C’est le mental qui fait rester à la surface des choses et couper avec le monde intérieur. C’est le mental qui empêche de dormir et crée des insomnies.

Pour sortir de l’insomnie, prenez conscience de la façon dont vous baignez dans cette dimension. Faites confiance à votre ressenti. Branchez-vous sur lui.

4 Commentaires

  1. Sympa ton article Aline, joli !!
    Bien d’accord avec toi, le rêve n’est pas du tout statique, je suis bien d’accord avec toi, c’est plustôt comme un film et bien plus vivantes comme tu le dis, car cela nous touche vraiment, nous sommes les acteurs aussi!

    hé hé hé ton article touche un peu l’idée du nom de mon blog (les images … ), je l’ai appelé ainsi pour exprimer en images ce que je vois.

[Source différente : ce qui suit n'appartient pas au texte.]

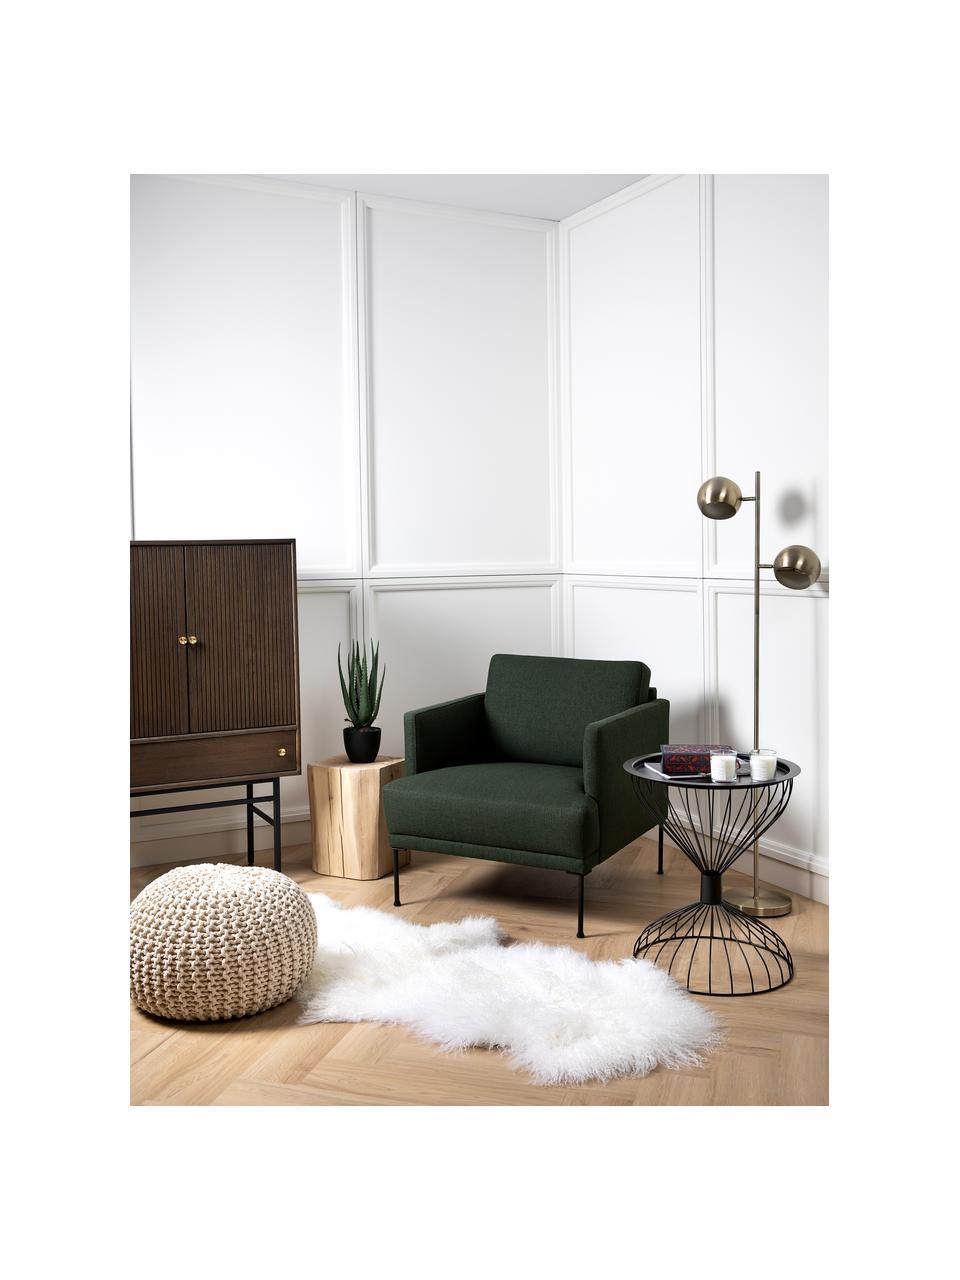 Fotel z metalowymi nogami Fluente, Tapicerka: 100% poliester Dzięki tka, Nogi: metal malowany proszkowo, Ciemny zielony, S 74 x G 85 cm

Pour moi dans mon cas images comprend : dessin, peinture, photo, design etc. en fait tout ce qui est visuel. Même si une image peut être aussi à partir d’un texte, poème, romain, etc.

    • oui, dans le rêve nous sommes acteurs. Les images sont vivantes. Pour les décrypter, on les met à plat dans l’interprétation et ensuite il s’agit de les intégrer dans notre vie.
      Et tes images à toi ont la vie qu’on leur prête ! elles sont aussi fortes en évocation, d’une autre manière.

  2. Je t’en ai déjà parlé, je rêve très peu. Pas d’images, mais davantage de sensation. Quand je m’endors le soir, je suis très sensible aux sensations de chaleur ou de fraîcheur, de douceur, d’odeur. Je baigne dans un moelleux et une douceur qui m’emportent dans le sommeil. Mes images sont plutôt tactiles et auditives. J’aime dormir la fenêtre ouverte à la fois pour la fraîcheur de l’air, les bruits de la nuit ou du petit jour. Je me réveille au chant du coq et des oiseaux.
    Très article, Aline.

    • Mais oui, on peut aussi se brancher sur les sensations et ressentis et ça, ça aide bien à s’endormir aussi ! Là, tu as en plus la chance d’être à la campagne, non ? avec le coq. En tous cas, tu te prépares de bonnes conditions pour sombrer. et ça te rend poétique aussi.
      Oui, le monde des rêves est en relation avec les sensations, ressentis, tout ce qui vit à l’intérieur de nous et nous aide à nous retrouver en sécurité, au contact de qui on est. Merci de ton partage.